::: The data

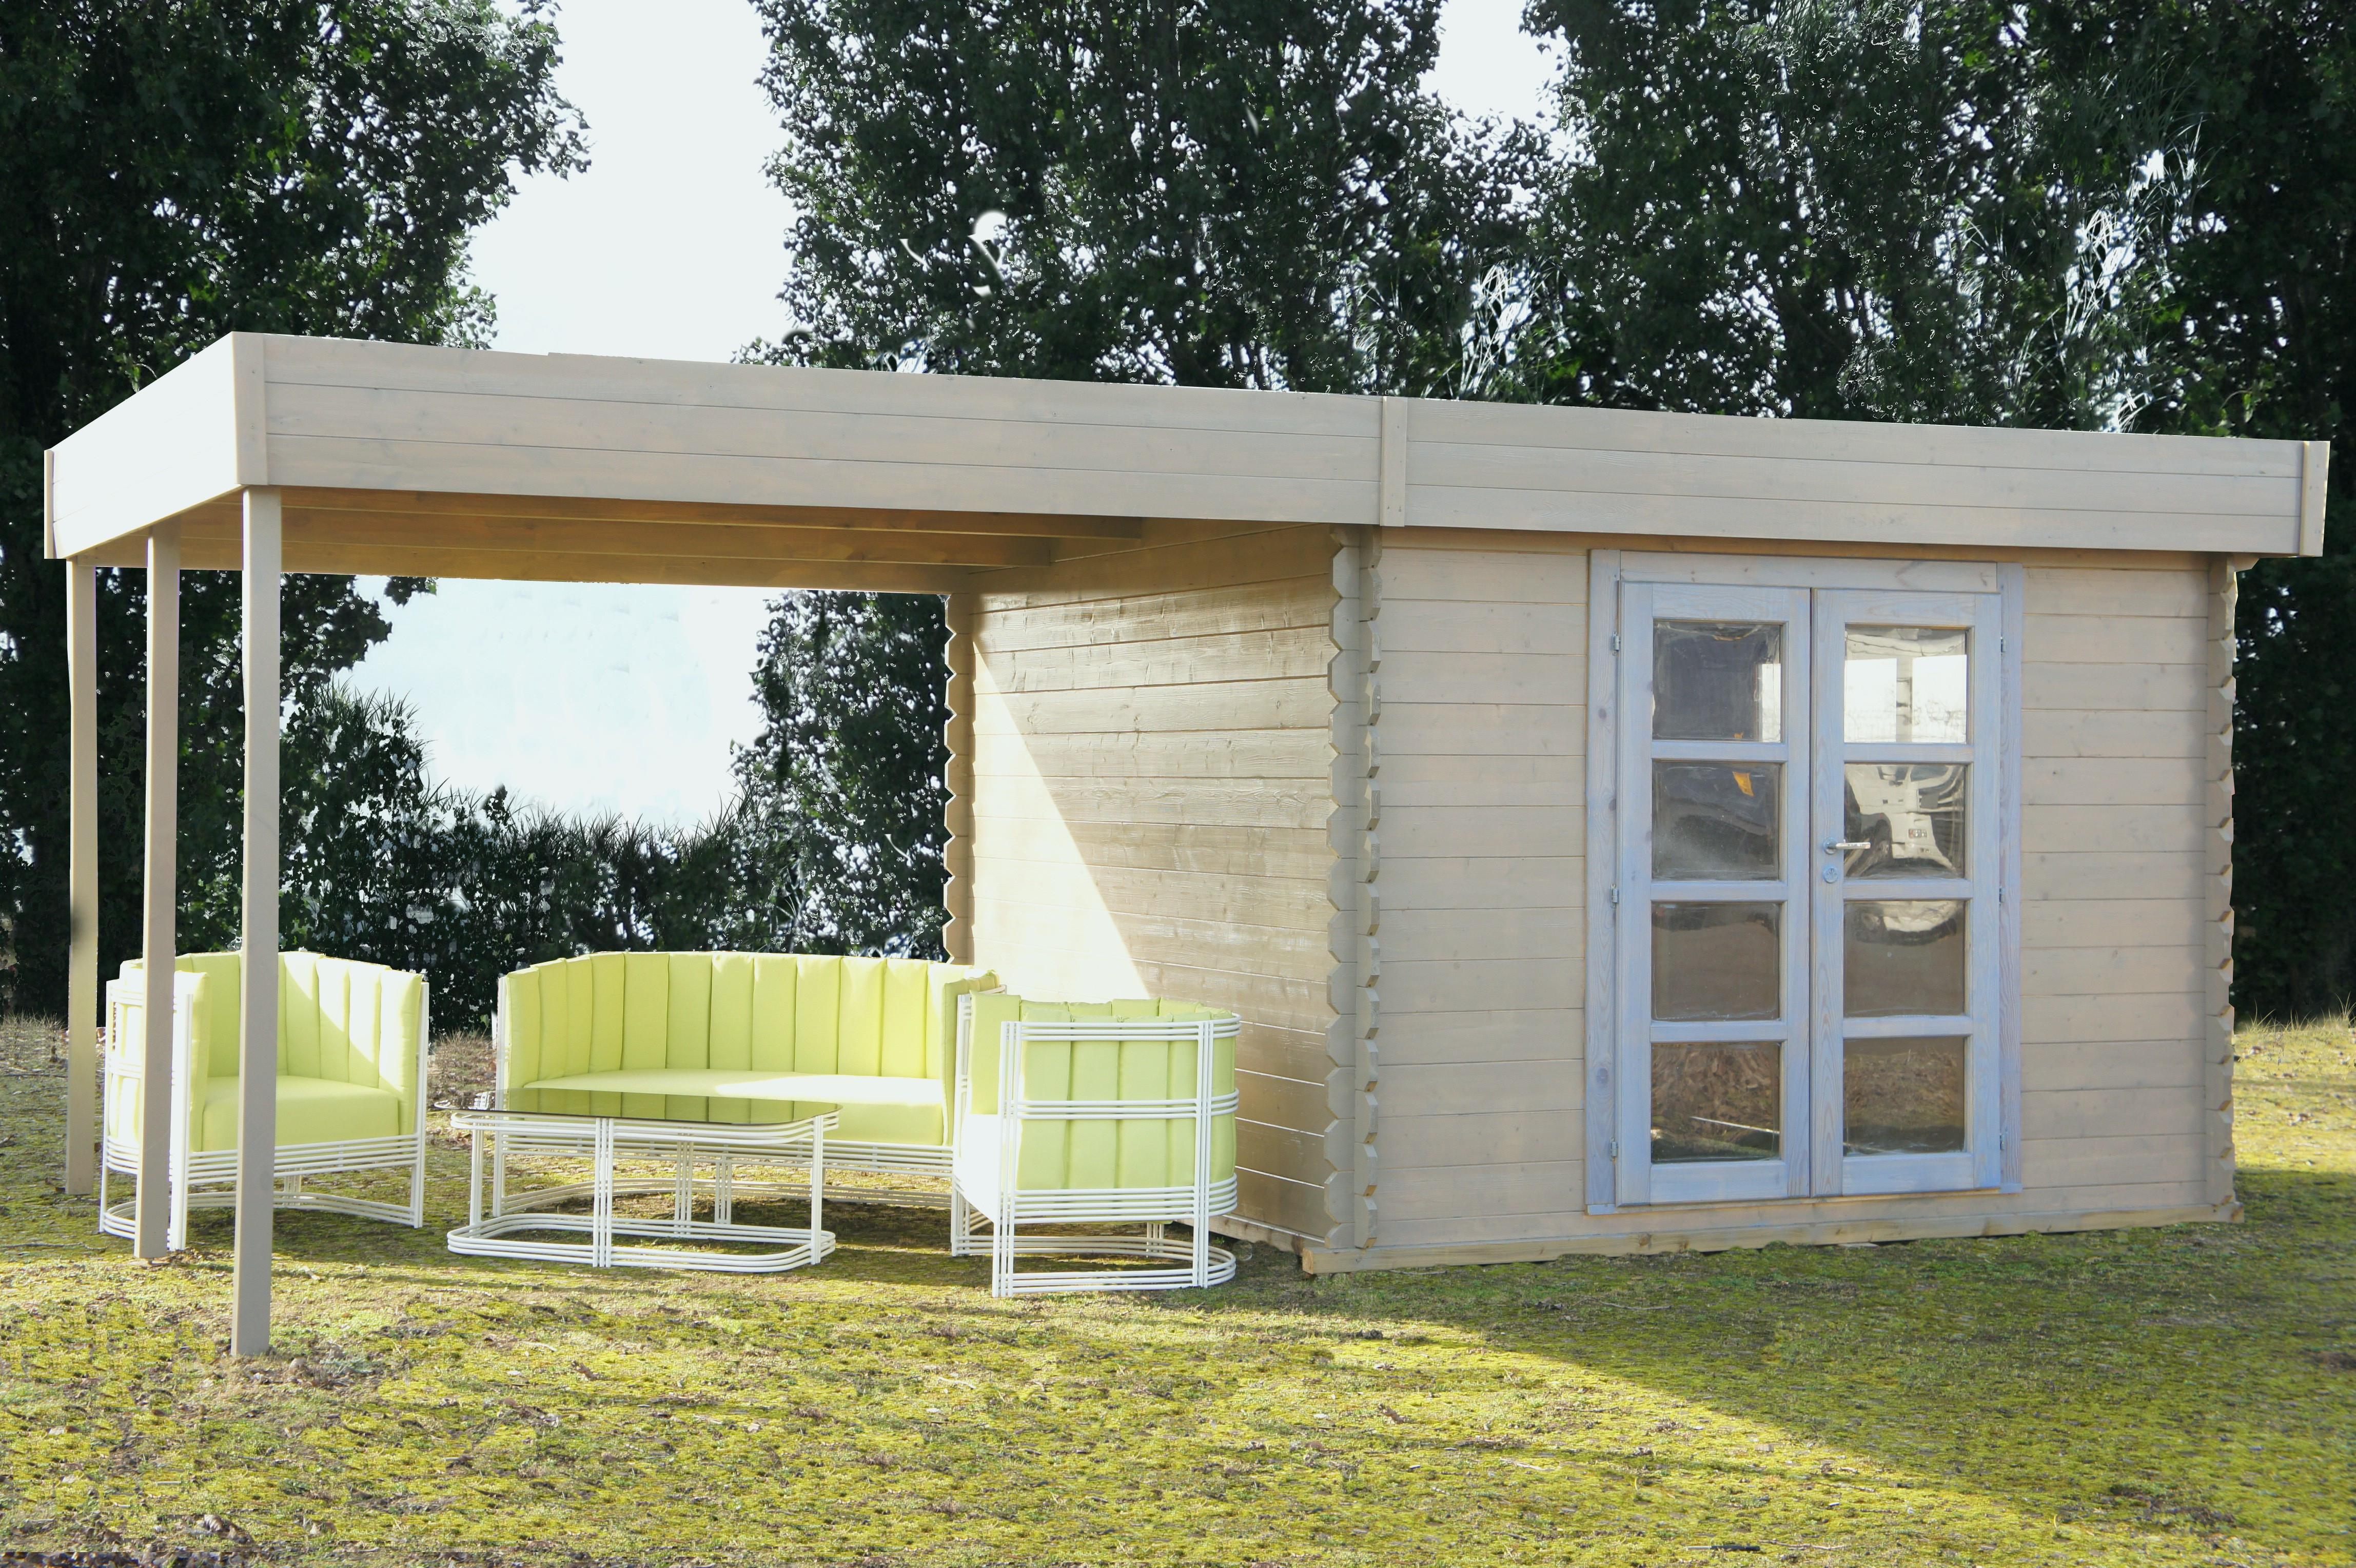 Bassin Jardin Moderne Élégant Stock Cabane De Jardin Enfant Ainsi Que Luxe Moderne Brico Depot Abri De
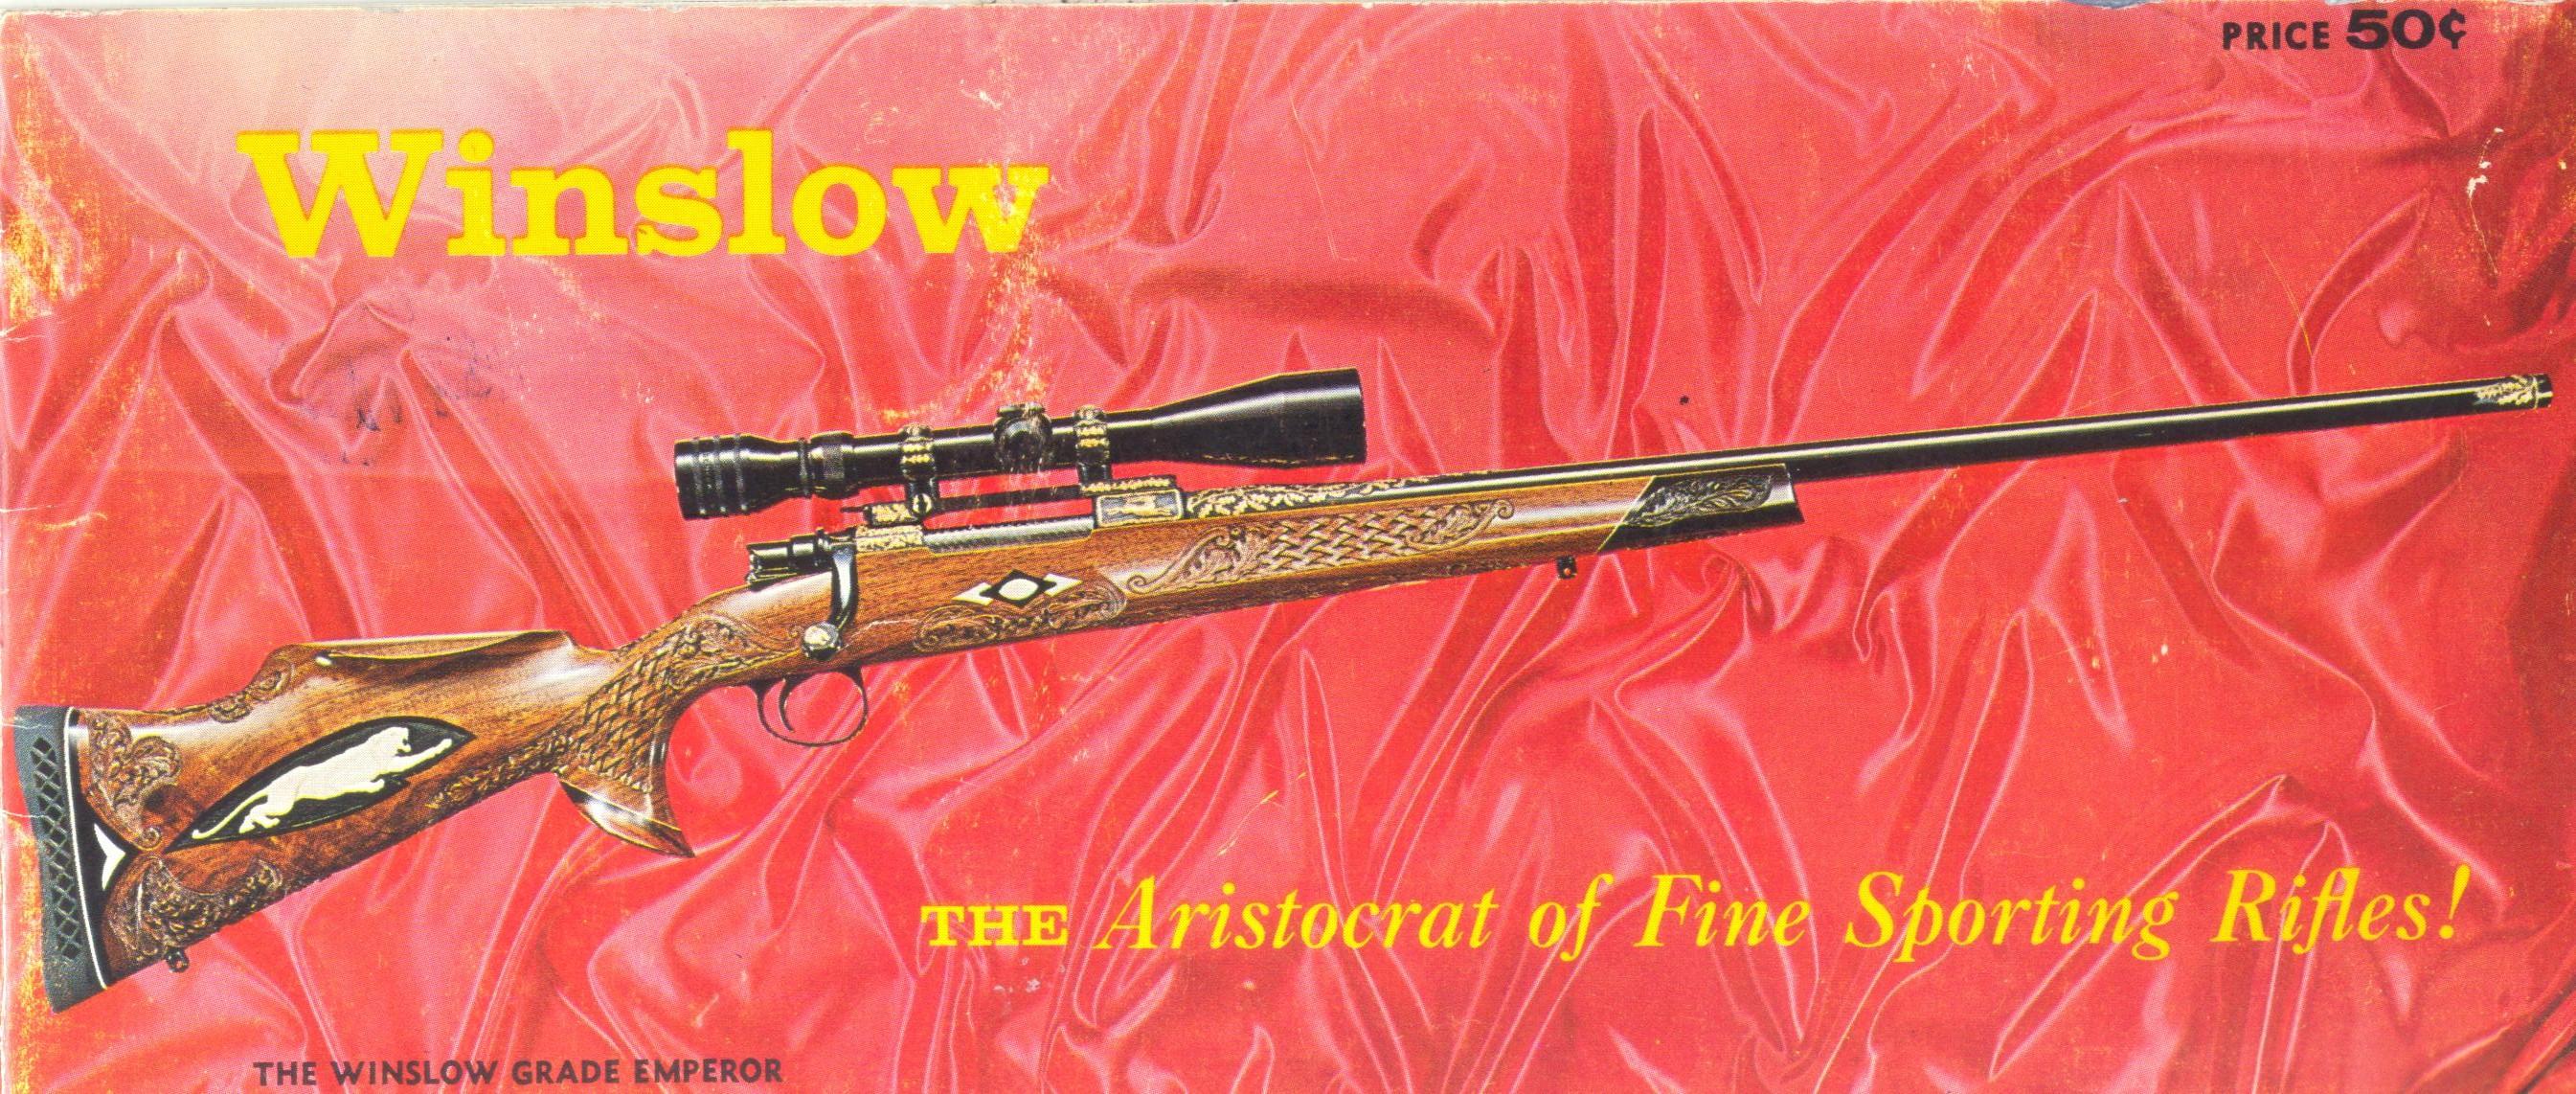 Winslow 001
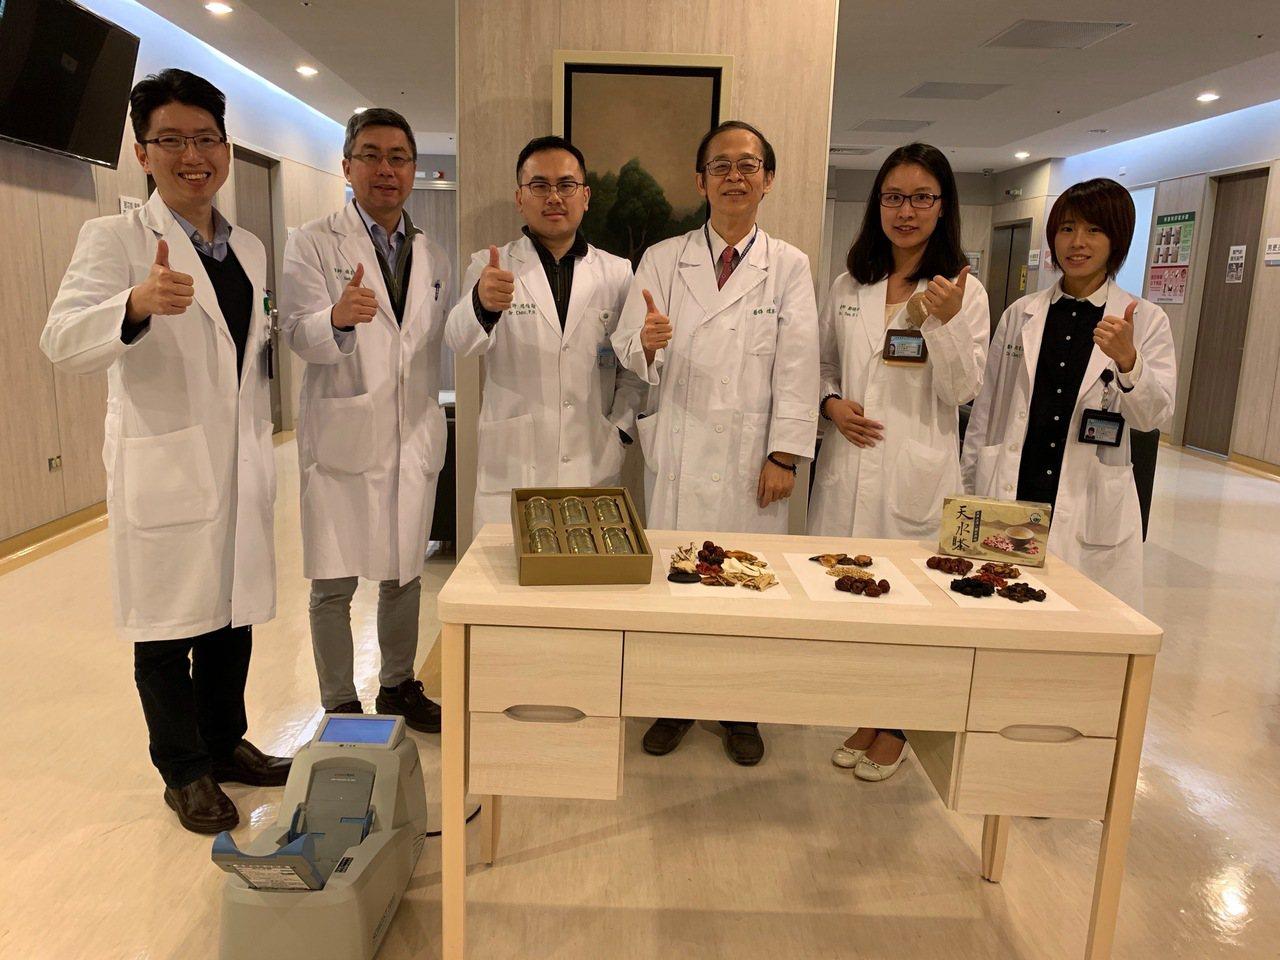 中國醫藥大學新竹附設醫院將在12月12舉辦院慶,當天有健康園遊會活動,擺設10個...
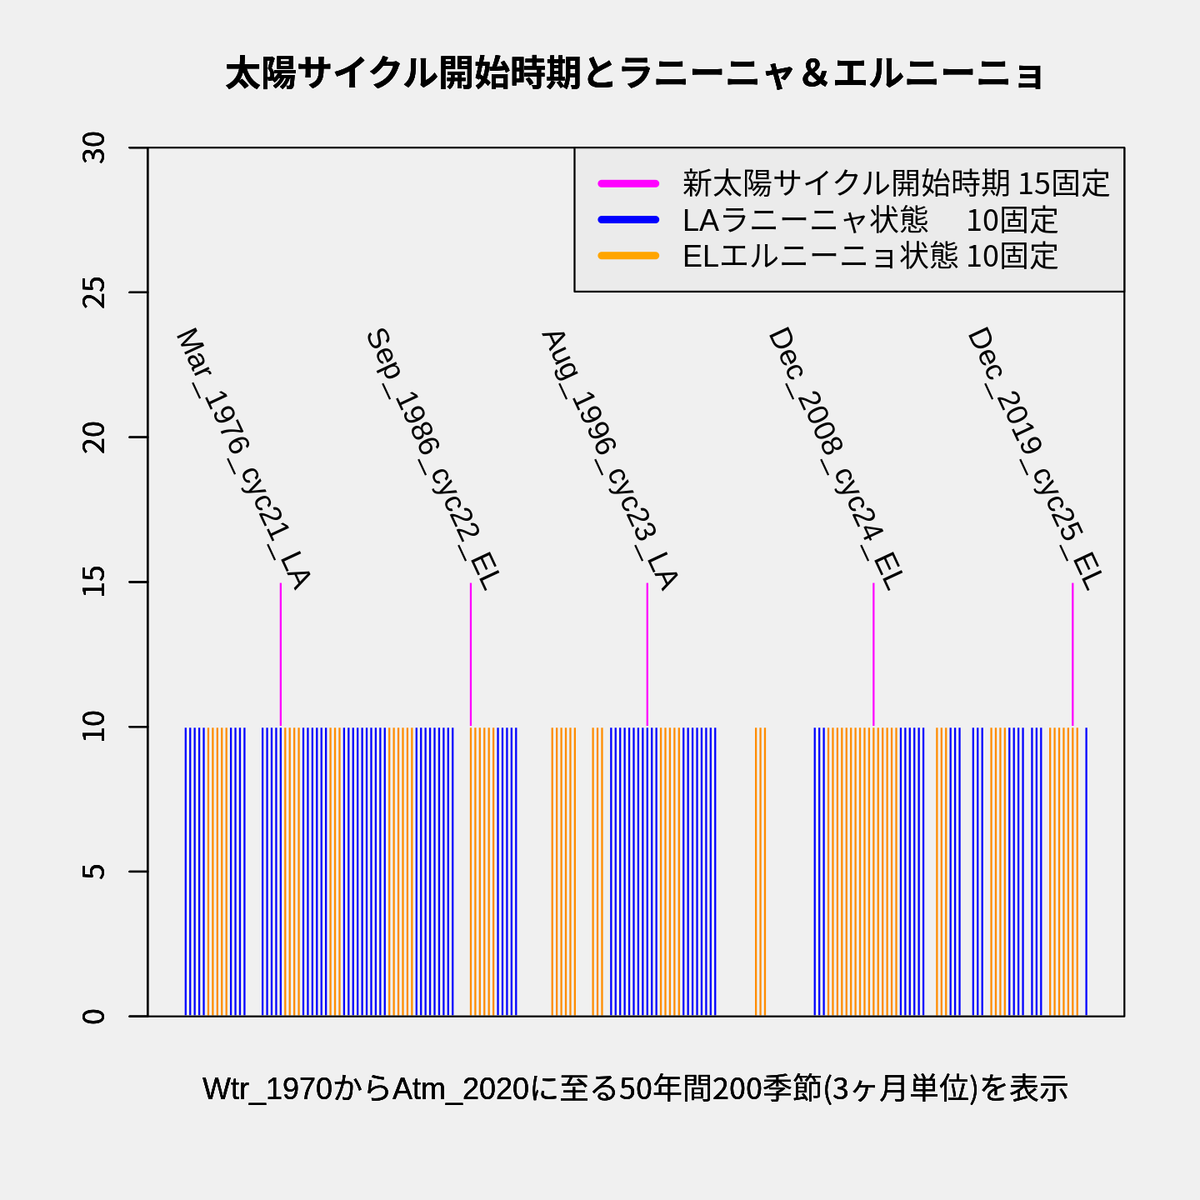 f:id:yoshihide-sugiura:20210130155107p:plain

::::::

** Required action **
The listing above must be printed again exactly, minus its pictures.

** Solution **
 Bassin Jardin Moderne Élégant Stock Cabane De Jardin Enfant Ainsi Que Luxe Moderne Brico Depot Abri De
 Winslow 001
 中國醫藥大學新竹附設醫院將在12月12舉辦院慶,當天有健康園遊會活動,擺設10個...
 f:id:yoshihide-sugiura:20210130155107p:plain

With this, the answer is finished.